Training Group:

Biomolecular Structure and Biophysics

Mentor / Lab:

Dr. Nicholas Noinaj

Specific Research Area / Project:

Structural and Functional Studies of β-barrel Assembly Machinery

Lab / Personal work-related websites:

Lab

Research Profile:

The OMPs from Gram-negative bacteria have a membrane spanning domain that is composed of 8-36 β-strands into a β-barrel fold.These OMPs are essential for adhesion, signaling, and nutrient import. OMPs are first synthesized in the cytoplasm and transported into the periplasm through the Sec translocation machinery. The biogenesis of these OMPs is mediated by BAM, a multicomponent complex. In E. coli, BAM is composed of five components, including BamA (88 kDa), BamB (40 kDa), BamC (34 kDa), BamD (26 kDa), and BamE (11 kDa). As the central component of the BAM complex, BamA is an OMP itself and serves as the scaffold to assemble the complex and orchestrate OMP biogenesis. BamB-E are lipoproteins that anchored into the periplasmic leaflet of the outer membrane.Decades of structural and functional studies have shown that BamA and BamD are essential for cell survival, thus are considered as the core component of the complex. Although BamB, BamC and BamE are considered accessory, cells that lack these components are less likely to survive in otherwise harsh conditions during an infection.Despite that recent structural and functional studies have collectively advanced our understanding of the BAM complex, the native structure of BAM in its lipid environment remains unknown, which may otherwise shed light on the assembly of BAM in vivo. Also, the underlying mechanism on how BAM recognize OMPs and sort them into the outer membrane is ambiguous. Therefore, the goal of my research is to decipher the structure of BAM in its near-native environment, and understand the mechanism of BAM in regulating OMP biogenesis.

About Me:

Started as a chemist, I grew more and more interested in life science, and that's why I joined Purdue. PULSe provides a good platform for me to begin my journey in life sciences, and allows me to transit without much pain since the rotating experience really prepares me for the lab I am joining now.

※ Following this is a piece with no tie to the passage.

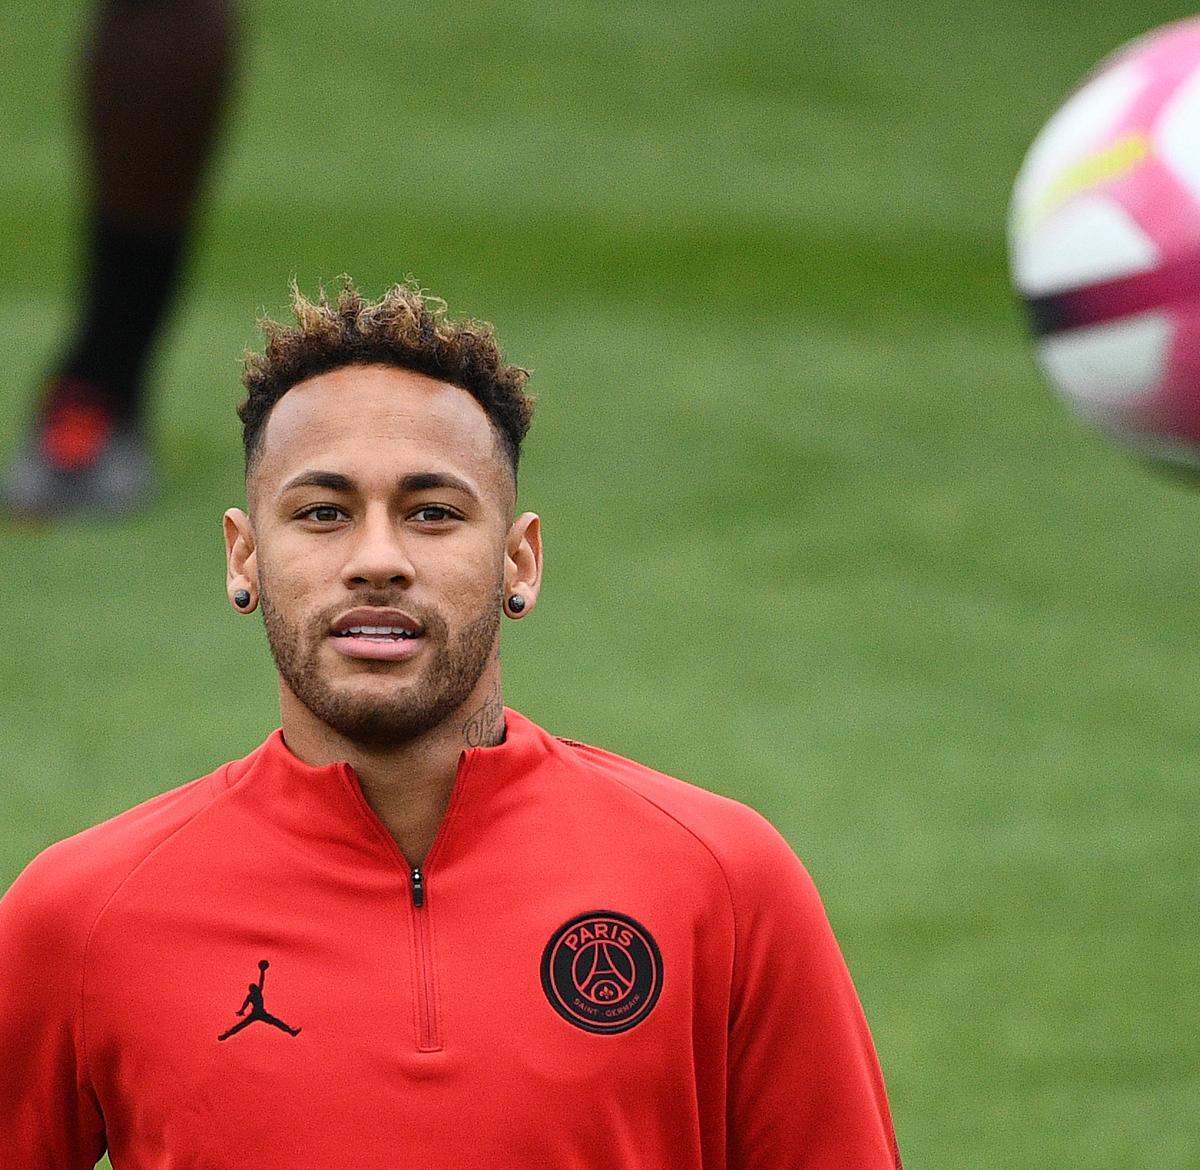 PSG Chairman Nasser Al-Khelaifi Talks 'Frustrating' Real Madrid, Neymar Links

With my PhD degree earned, I see myself combining my chemistry and structural biology knowledge together, and working on infectious diseases in the future, which is a growing issue concerning human health.

Awards:

• Helmsley Fellowship from The Helmsley Charitable Trust
• Lynn Fellowship, Purdue University, USA (2017)

Publications:

• Wu, R., Stephenson, R., Gichaba, A. and Noinaj, N., 2020. The big BAM theory: An open and closed case?. Biochimica et Biophysica Acta (BBA)-Biomembranes, 1862(1), p.183062.
• Imai, Y., Meyer, K.J., Iinishi, A. et al. A new antibiotic selectively kills Gram-negative pathogens. Nature 576, 459–464 (2019).

Presentations:

• Wu, R., Klose, T., & Noinaj, N. Characterization of the β-barrel Assembly Machinery in Nanodiscs using CryoEM, ACA 2019 annual meeting, Covington, KY, USA
• Wu, R., & Noinaj, N. Characterization of the β-barrel Assembly Machinery in Nanodiscs using CryoEM, 14 th Midwest Conference on Protein Folding, Assembly and Molecular Motions, University of Notra Dame, IN, USA
• Wu, R., & Noinaj, N. Characterization of the β-barrel Assembly Machinery in Nanodiscs using CryoEM, Missouri Symposium in Molecular Biophysics, Columbia, MO, USA
• Wu, R., & Noinaj, N. Characterization of the β-barrel Assembly Machinery in Nanodiscs using CryoEM, PULSe spring reception, Purdue University, West Lafayette, IN, USA.
• Wu, R., Liu, Y., & Rossmann, M. 3D structure of horse spleen apoferritin determined by cryo-EM. First year poster session 2017, Purdue University, West Lafayette, IN, USA.
• Oral Presentation:
• Wu, R. Cryo-EM studies of the BAM complex. Midwest Consortium PI Meeting, 2020, Purdue University, West Lafayette, IN, USA.